That was part of the homily last Sunday....how none of us have a right to anything but our sinfulness. There are no entitlements with God. We are all beggars at the feet of Jesus.
So I spent some time begging the other night.
Backing up a bit. My sister-in-law hosts a Rosary group. We meet about every-other-Tuesday and have some regulars who pray with us. Two who have been there when they are able are SIL's best friend who was diagnosed with Ovarian Cancer last fall and a mom from my kids' elementary school who was diagnosed with stage 4 Lung Cancer 2 1/2 years ago. The doctors gave her a 15% chance of living a year. Both have recently received challenging news in the way of new cancerous growth.
So what are we to do but pray? Keeping in mind that prayer changes us - not God - SIL thought about organizing 24 hours of Adoration to pray for the needs of these two ladies and a cure for cancer. That rather quickly evolved to "Find some time to pray in front of the Blessed Sacrament in the next couple of weeks and let me know..." so that we could present them with a Spiritual Bouquet of sorts...and maybe some real flowers, too.
My kids had CCD the other night, and I needed something to do to fill the time. Could be nothing better than spending it with Jesus - begging.
I went down the street to the church near my school. There is a dance school across the street, so at this hour the church parking lot is populated by parents in SUVs waiting to pick up their ballerinas. There is a keypad by the church door and I let myself in.

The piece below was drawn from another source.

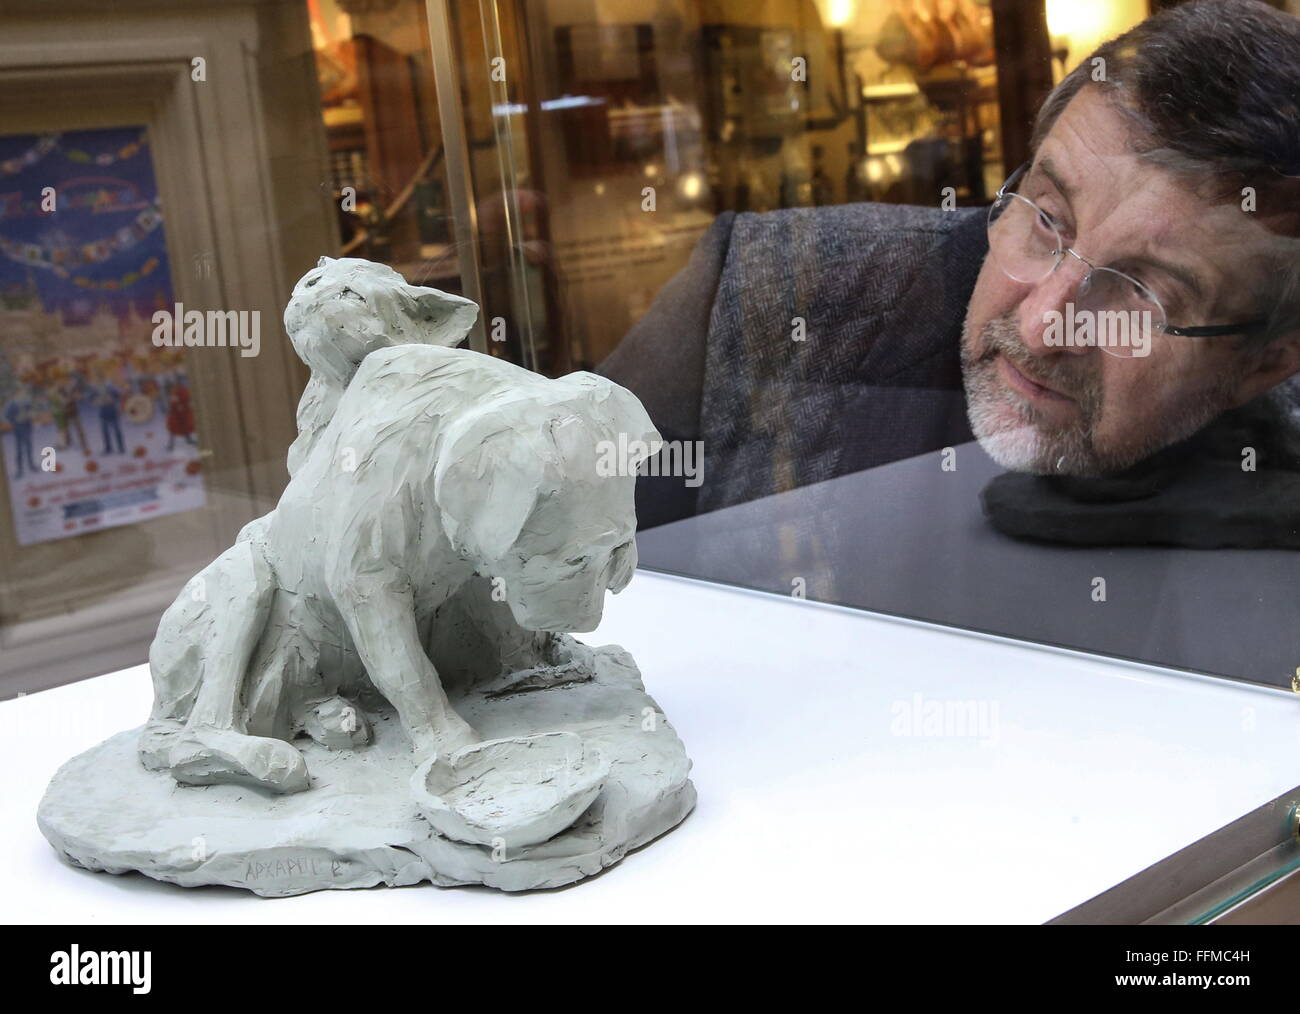 Leonid Yarmolnik dogs bitten by a 2-year-old girl 29.06.2010 68

No one else is there this evening.
I kneel for a while and say "hello" to Jesus - acknowledging that He is all powerful. The light is fading. I decide to say the Rosary. Monday is the Joyful Mysteries.

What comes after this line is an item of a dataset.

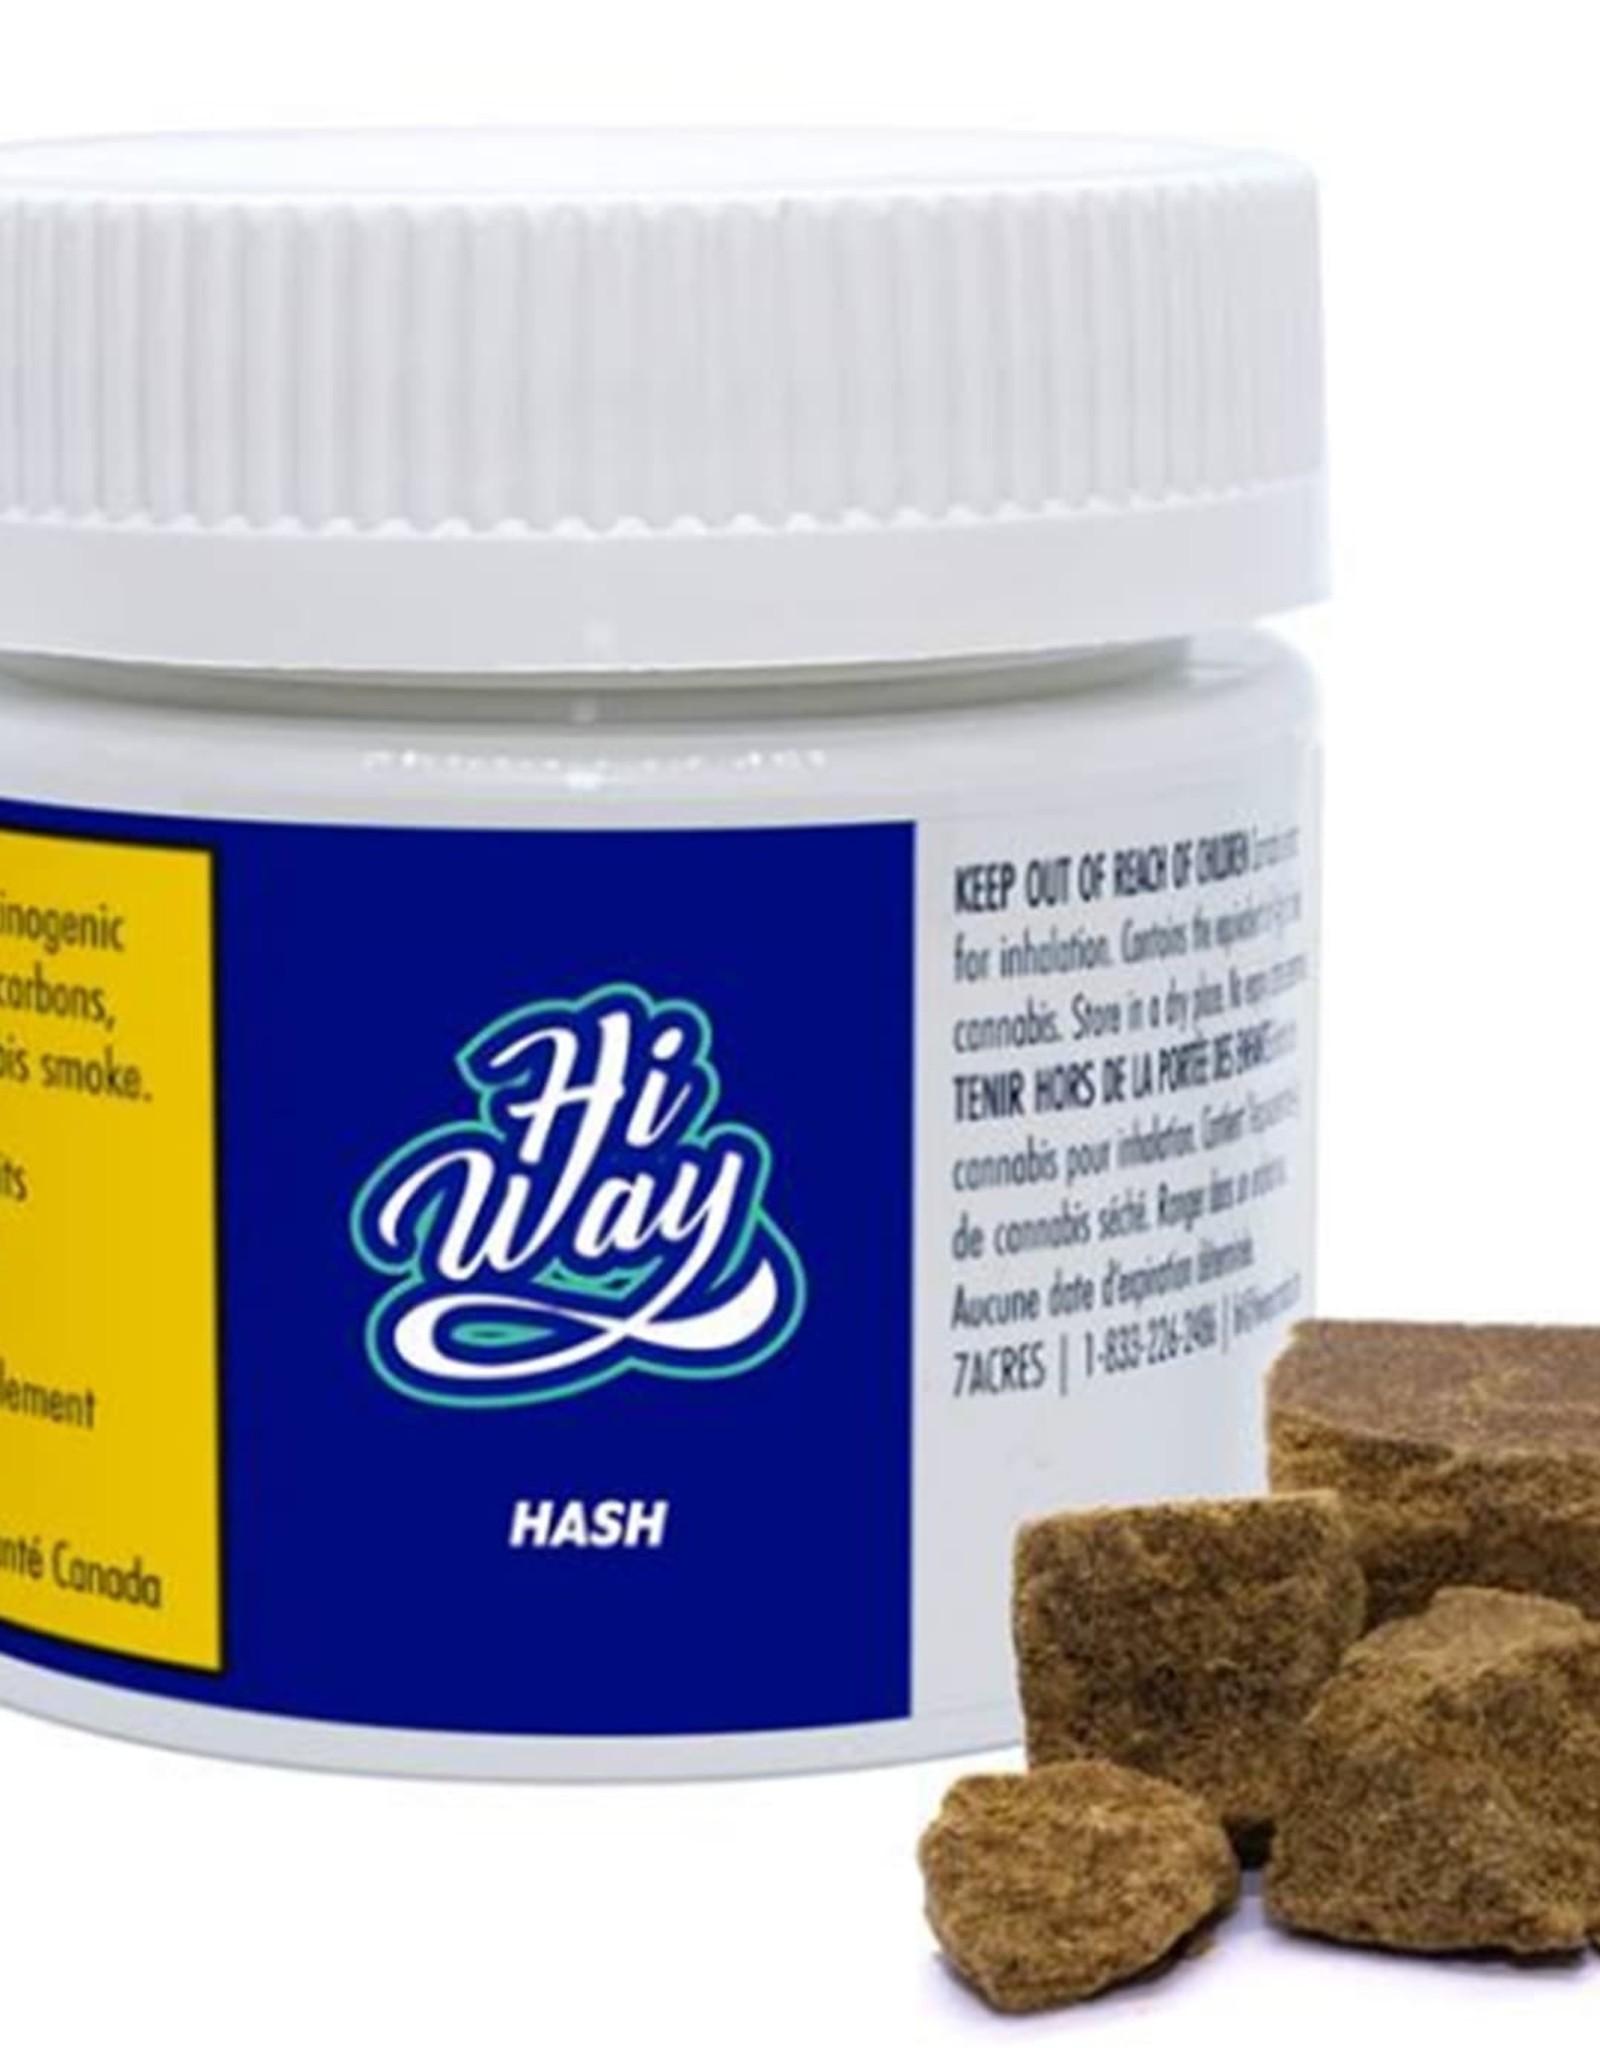 Blissco. Blissco - Hiway Hash 2G

The Annunciation. I think of Mary's surrender and think of the difficulty the ladies must have in surrendering to God's will in the face of their cancer diagnoses.

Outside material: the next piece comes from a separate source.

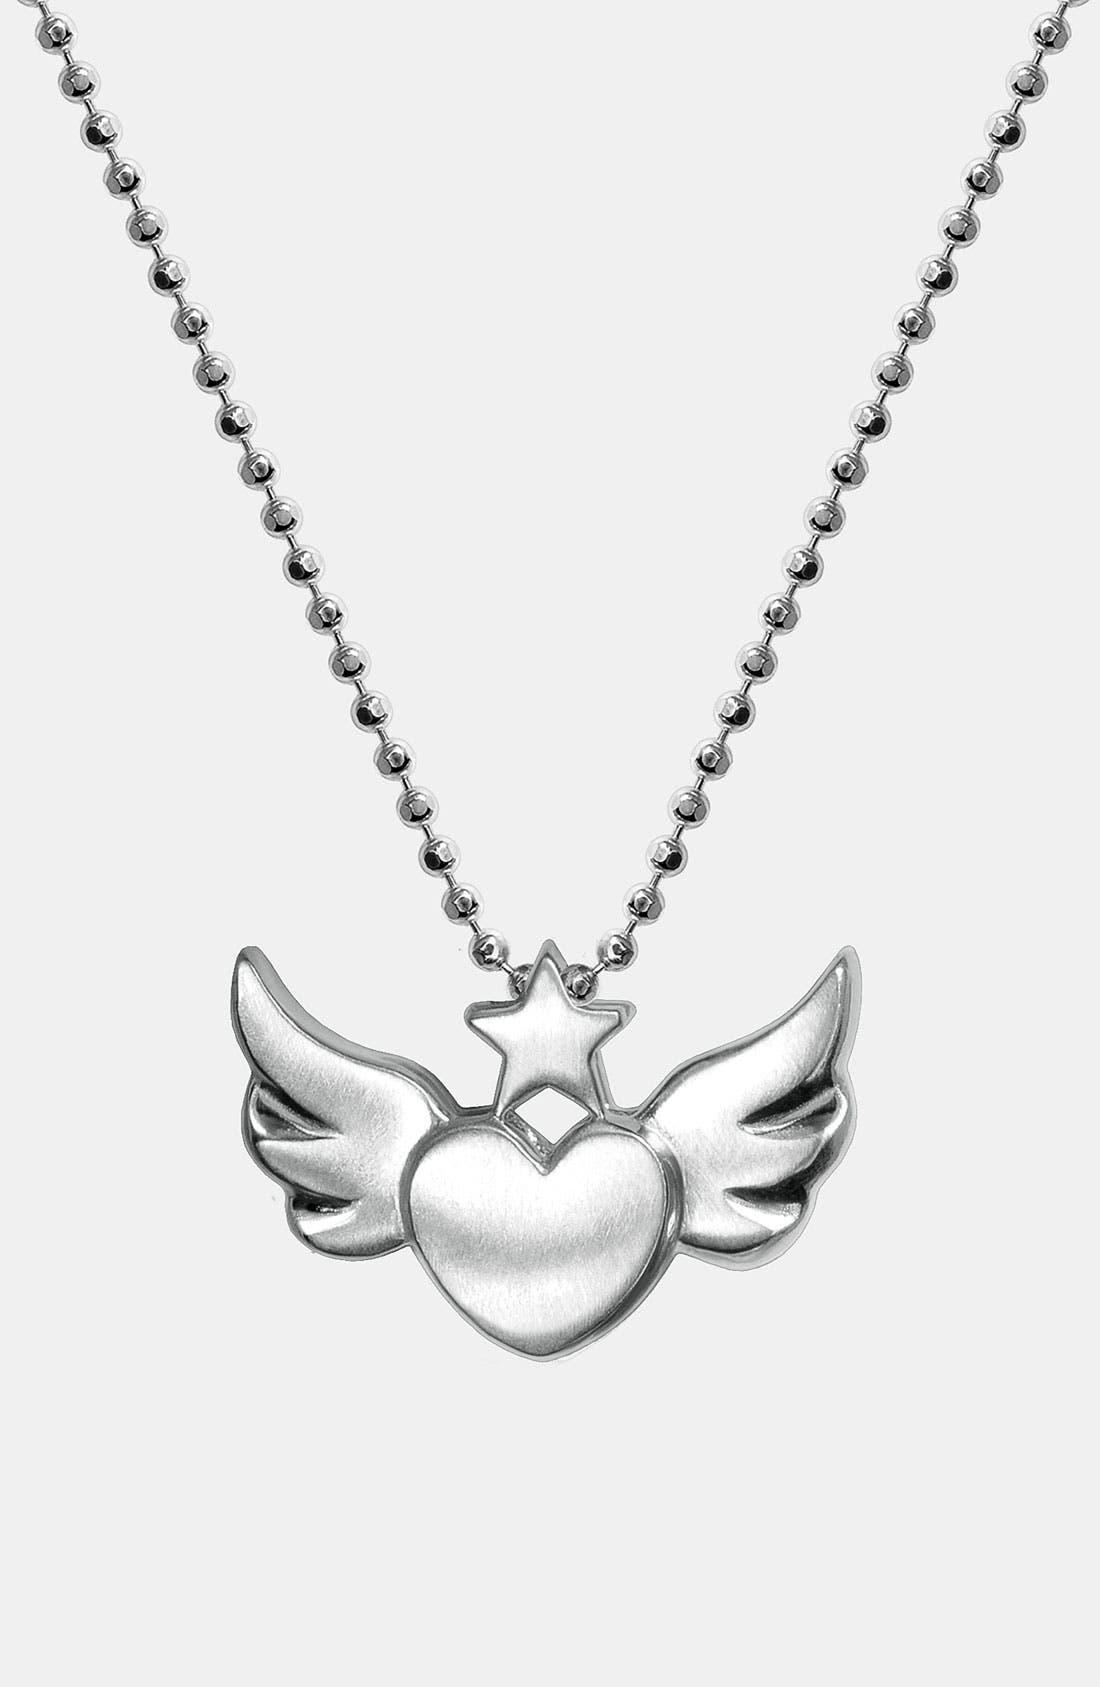 Alternate Image 1 Selected - Alex Woo 'Little Rock Star' Heart & Wings Pendant Necklace

The Visitation. Why exactly did Mary go to visit Elizabeth? Was it to help her? Or was it to learn from her? Or was it so that she could be touched by Jesus' presence? And these ladies....are we to help or to learn from or to be touched by them?
The Birth of Jesus. He came here to be part of our lives...to enter our world. Even the suffering - or maybe especially the suffering. I pray that they continue to know His presence in their lives.
The Presentation of Jesus in the Temple. It often strikes me that this Joyful Mystery is also one of the Sorrowful Mysteries prayed in the 7 Sorrows Rosary. Mary and Joseph offering their Son to the Father. And my friends...offering their suffering to the Father. Knowing His Love, but also knowing such pain and heartache.
Finding the Child Jesus in the Temple - Again, a Joyful Mystery that is also one of the Seven Sorrows. Jesus is in the home of His Father. I pray for these ladies that they, too, are about their Father's work, that they are obedient to what He wants them to do, just as Jesus obediently returned home with Mary and Joseph.
Sometimes I rest my arms on the pew in front of me and put my head down while I pray through the Hail Mary's. It is darker when I open my eyes again. The candles flickering on the wall are more noticeable.
It is so quiet. During the day, the building creaks and moans as the sun heats up the structure. But at night, it is quiet. The cars waiting in the parking lot for the dancers have gone.
I walk to the front, and in the darkness, I stand at the foot of that cross and look up. We have no right to anything. Sickness and pain entered the world because of man's unfaithfulness. None of us deserve a miracle. Miracles are for the glory of God. I don't remember the words, but the prayer comes from the heart.
It is time to go. He is the light that conquers darkness. And for that, I will happily beg.